Suburb of Arnold, Nottinghamshire, England

Daybrook is a suburb of Arnold, Nottinghamshire. The area is located just outside the city of Nottingham but inside the conurbation of Greater Nottingham. It lies next to the areas of Arnold town centre, Sherwood, Woodthorpe, Redhill and Bestwood.

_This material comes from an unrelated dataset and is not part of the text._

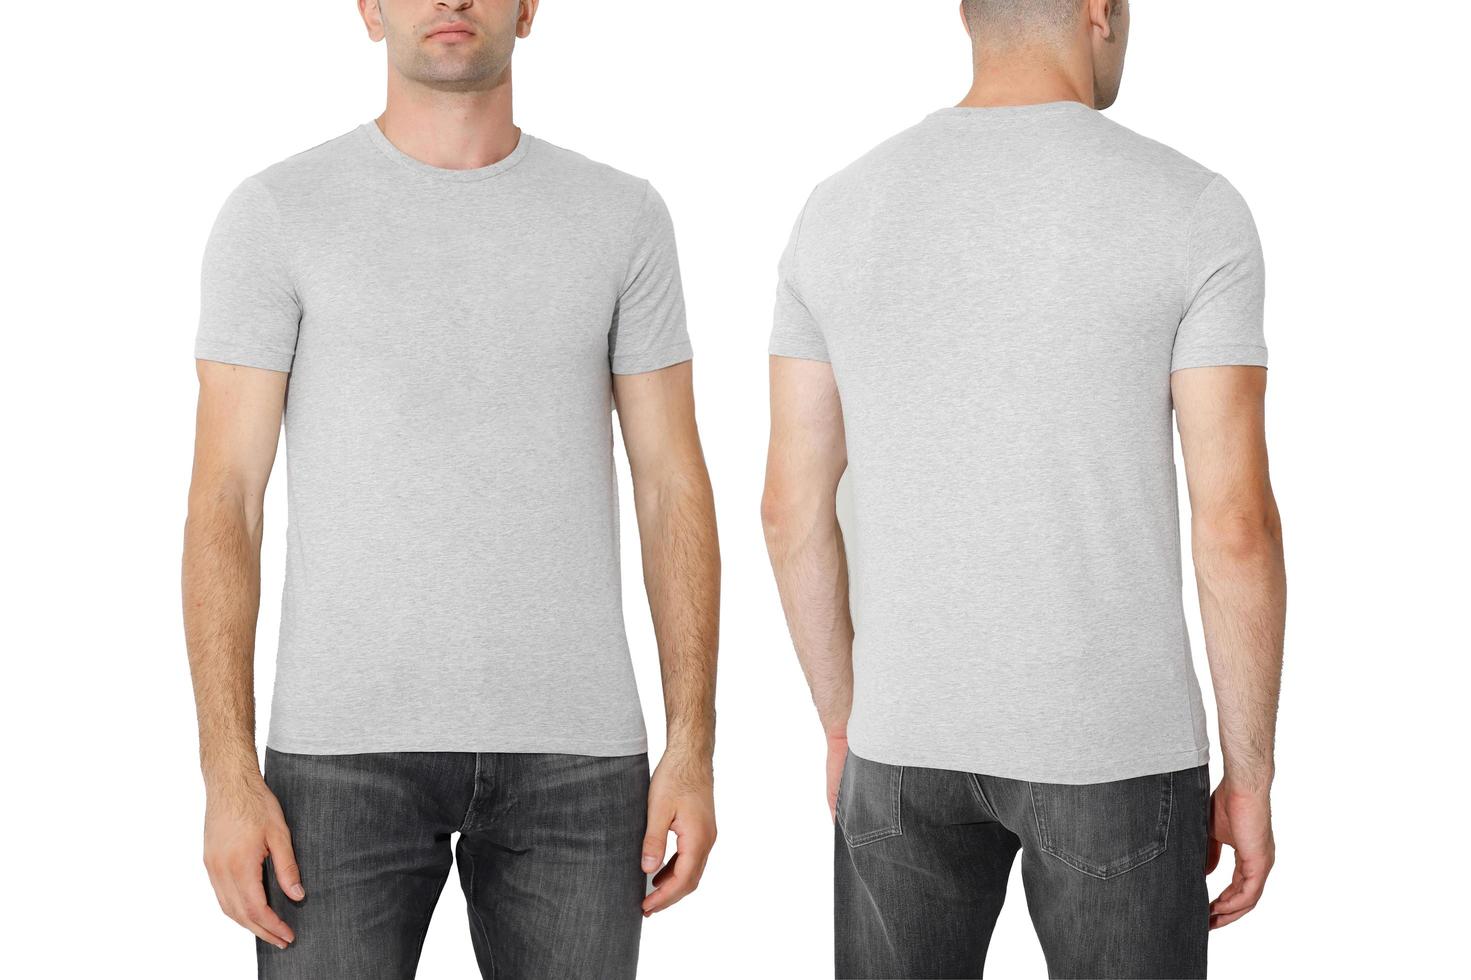 t-shirt på en man, isolerad på en vit bakgrund, kopiera utrymmet foto
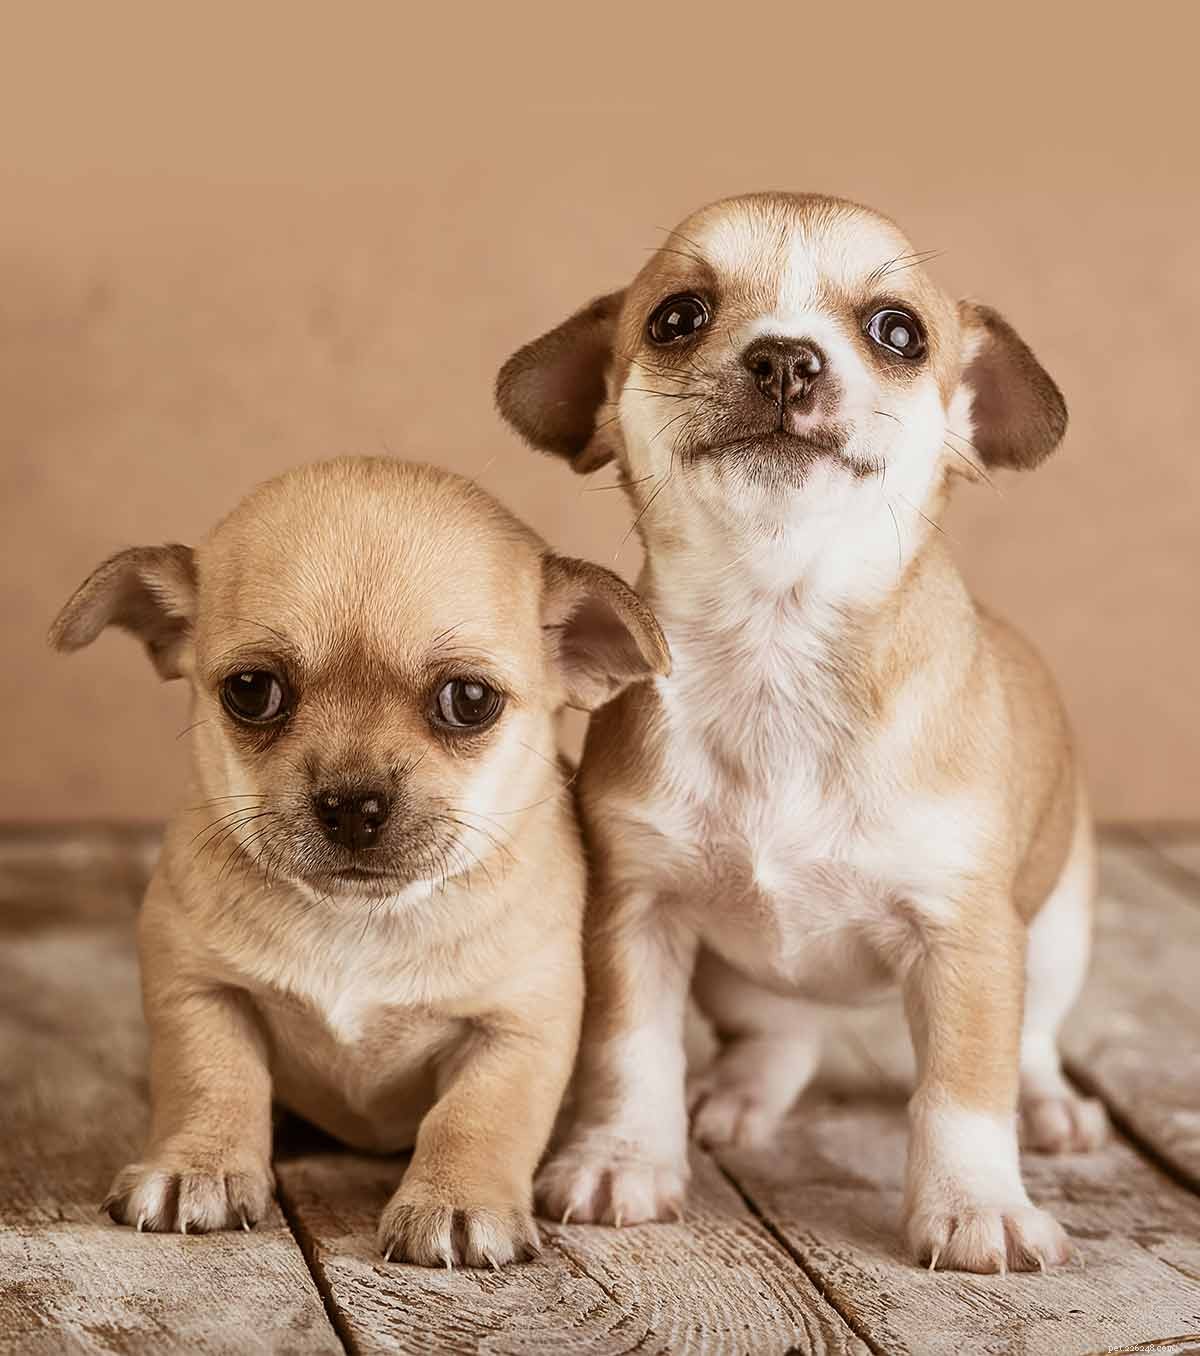 Jména čivavy – 300 nápadů na jména roztomilých psů čivav

It is named for the Day Brook watercourse that flows through the area. The stream is a tributary of the River Leen.

==Landmarks==
- Church of St. Paul
The area is dominated by the spire and tower of St. Paul’s Church which rise to a height of 150 ft. The church was designed 1892–1896 by John Loughborough Pearson and its construction started in May 1893. In December 1895 it was completed – except for the spire and tower, which were added in 1897. The church, located on Mansfield Road, was consecrated in February 1896 in honour of Paul the Apostle and is now a Grade II* listed building.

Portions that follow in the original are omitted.